We are now reporting recessives in the inbreeding checker, flagging matings that have a possibility of producing affected offspring, where the information is available.

Recessives only present a diseased phenotype when an animal inherits two copies - one from each parent. These variants remain silent in carriers, but when two carriers are mated, there is a risk of producing affected offspring. Identifying carriers is therefore important, yet challenging.

In some cases, the causative mutation is directly implemented in the SNP array (used for genomic evaluations), however, in other cases they need to be inferred from the surrounding genotype (haplotype).

Recessive diseases can cause a range of severe issues, affecting development, fertility, production - some can even be lethal. Understanding and tracking carrier status is essential for responsible breeding decisions and for reducing the incidence of harmful genetic conditions in dairy populations.

Holstein haplotypes

The table below details the haplotypes that we are currently publishing.

*Call rate is the percentage of carriers made through AHDB's recessive calling that matched other sources of recessive information. If this column is blank, the recessive calls are made exclusively by third-party data providers.

Processing data sources

Primary data

Many third-parties have been kind enough to supply their data from directly testing for recessive diseases. Where these have been supplied for an individual, these take priority over AHDB's data. Many of these test a wider range of traits and are supplied in regular data transfers from third-party suppliers. Please directly contact the test provider for more information on the testing process and reliability of calls made.

Currently, transfers are received from: Cogent, Genus, National Milk Records, Holstein UK, Interbull.

AHDB recessive calls

Where a direct recessive test is not available for an individual and when a genotype is supplied to AHDB for a genomic evaluation, we attempt to determine the carrier status for the recessives using the genotype.

In some cases, this is simply checking the causative SNP and making a direct call. In many cases, we do not receive the causative SNP from the genotype supplier, so we use imputation to predict the carrier status based on the surrounding genotype.

Importantly, this is not a direct test of the carrier status (unlike many third-party tests), but rather an estimate of the most likely given the information. The calls that are made through this process are validated against other tests where possible, and recessive calls are only published in this way if there is reasonable alignment with other, more reliable testing methods. See the table above for call rate values.
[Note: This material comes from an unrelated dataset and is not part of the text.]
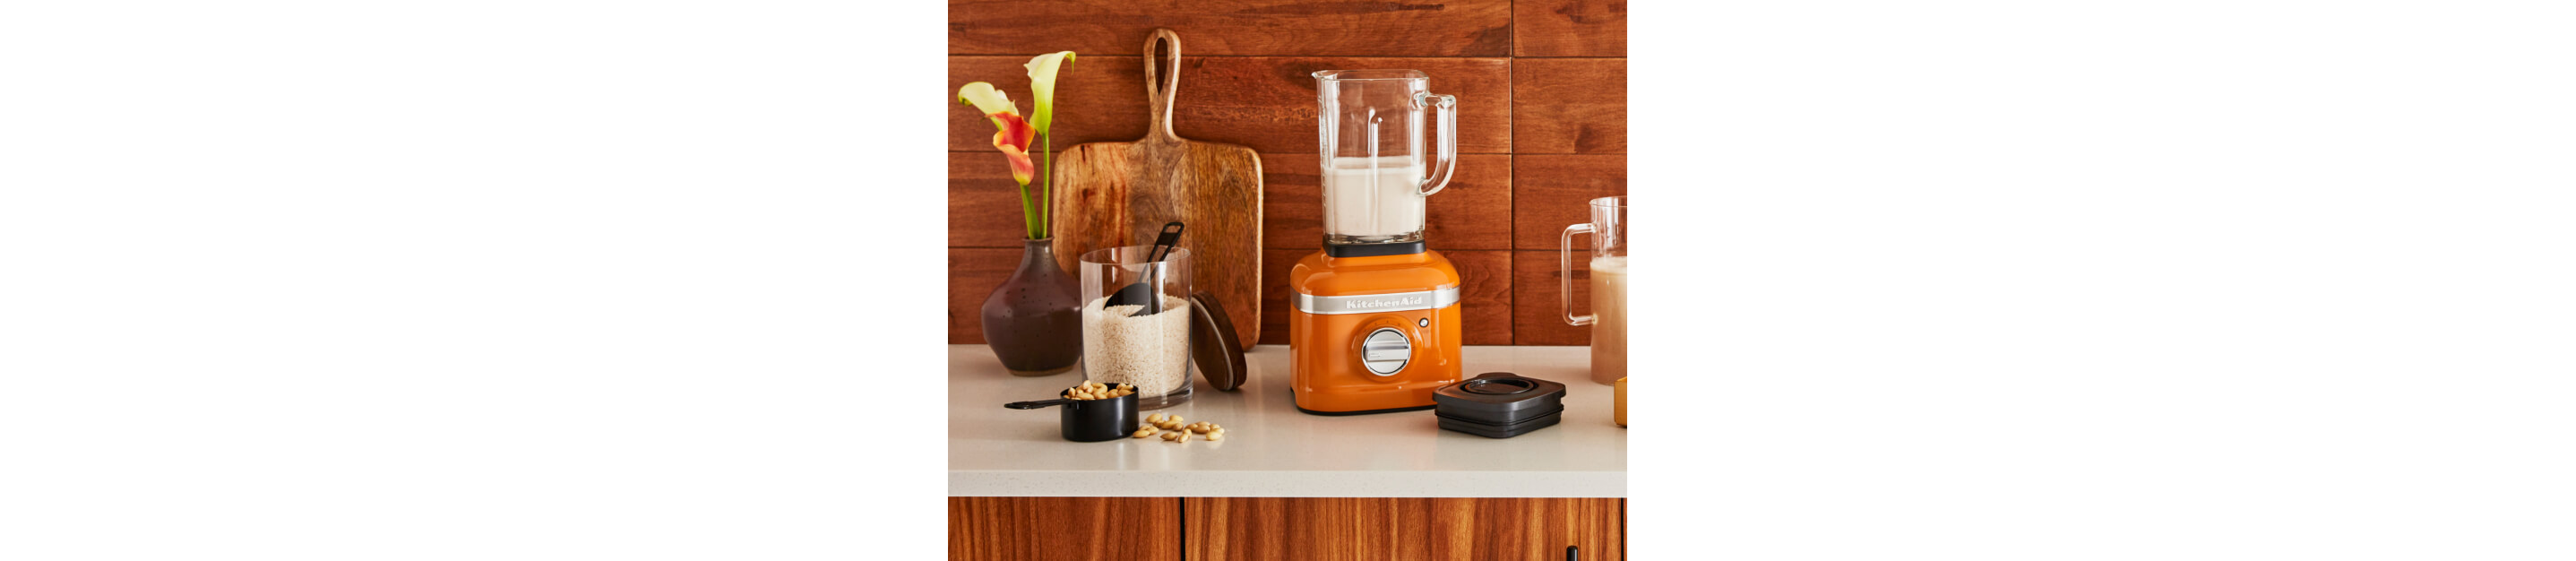 KitchenAid® Blender i honung mot en träsensplash

Although it is unlikely, it is possible that the recessive calls made in this way may change over an animal's lifetime. Usually this is because either an additional, different, genotype has been supplied for the animal, or as our genomic reference population grows the imputation slightly changes. 

Acknowledgement

We would like to thank Cogent, Genus, and National Milk Records for their support, cooperation, and enthusiasm to provide data and information for this project.

We would also like to thank Holstein UK for regular data supply.